In one of the more notable cultural gestures of the century, Europe exported armies of artists, mostly from Germany and Austria, to reshape and redefine Hollywood during the 1920s and '30s. Many decades later, America returned the favor by replacing most of Europe's local cinema with U.S. product, an ongoing process that makes the idea of "regional cinema" practically oxymoronic. Still, there are pockets of resistance, if the sixth annual Berlin & Beyond festival, featuring recent German, Austrian, and Swiss films, is any indication.
One of the higher-profile entries this year recalls that early period of German-American cultural exchange. In Marlene, director Joseph Vilsmaier painstakingly re-creates Dietrich's progression from bisexual Berliner to Hollywood icon, in the process sampling, without plumbing too deeply, her numerous troubled relationships with men and women. Actress Katja Flint's impersonation of Dietrich lingers on the surface, perhaps not unwisely given the subject's masklike demeanor and enduring air of mystery. Also from this period is Ernst Lubitsch's decorative silent classic Madame Dubarry, playing in a restored print and featuring an original live score by Dennis James (on the Mighty Wurlitzer).
On a grittier note is Götz Spielmann's Die Fremde (The Stranger). This intricately plotted tale follows a drug-smuggling couple who arrive in Vienna with a kilo of cocaine only to find their connection in jail. The Vienna on view here is far from the comforting vision of artists' enclaves and cobblestone streets with which we're familiar; instead, it's a grim realm of displaced persons who find shelter in brief liaisons that fade as soon as "business" -- which trumps almost everything -- is concluded. Die Polizistin (The Policewoman) effectively explores some of the same territory of lost lives in the New Europe. Andreas Dresen takes a vérité approach to the title character's attempts at adjusting to cop life in one of Germany's most impoverished areas. The film's gallery of grotesques -- a twirling Alzheimer's patient, a homeless psychotic -- brings a rude reality to the film, balancing the occasional swings into bathos.

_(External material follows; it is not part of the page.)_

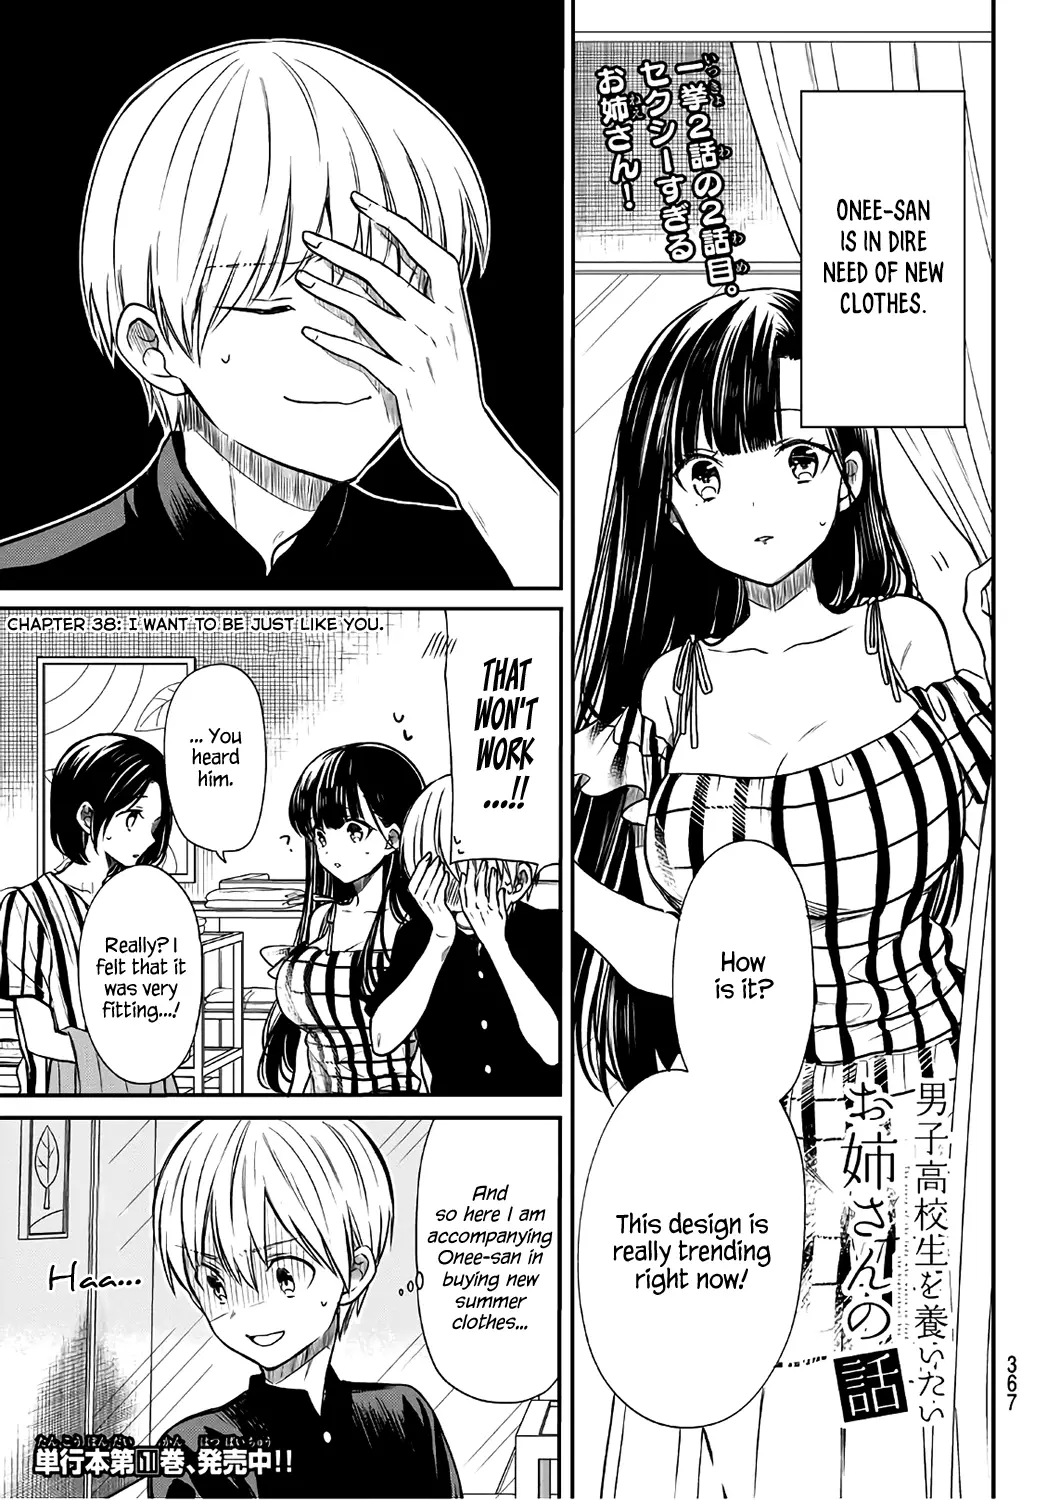 The Story Of An Onee-San Who Wants To Keep A High School Boy - 38 page 2

Berlin & Beyond also includes a festival within the festival. Director Doris Dörrie is the subject of a retrospective that includes her first feature, Mitten Ins Herz (Straight Through the Heart), and her most recent work, the shot-on-video Erleuchtung Garantiert (Enlightenment Guaranteed). In the latter -- one of her best -- two middle-aged brothers whose lives are in a shambles visit a Japanese monastery. Dörrie's specialties are playful satire and absurdist views of human relations, and both are happily in evidence in the film's gentle skewering of a number of targets, from marriage to consumerism to feng shui. The film also resonates with comic and wistful images of the displacement theme that filigrees many of the festival's entries. In a memorable sequence, one of the brothers literally sings for his supper, soliciting money from startled Tokyo passers-by by belting out Gloria Gaynor's disco hit "I Will Survive" -- in German.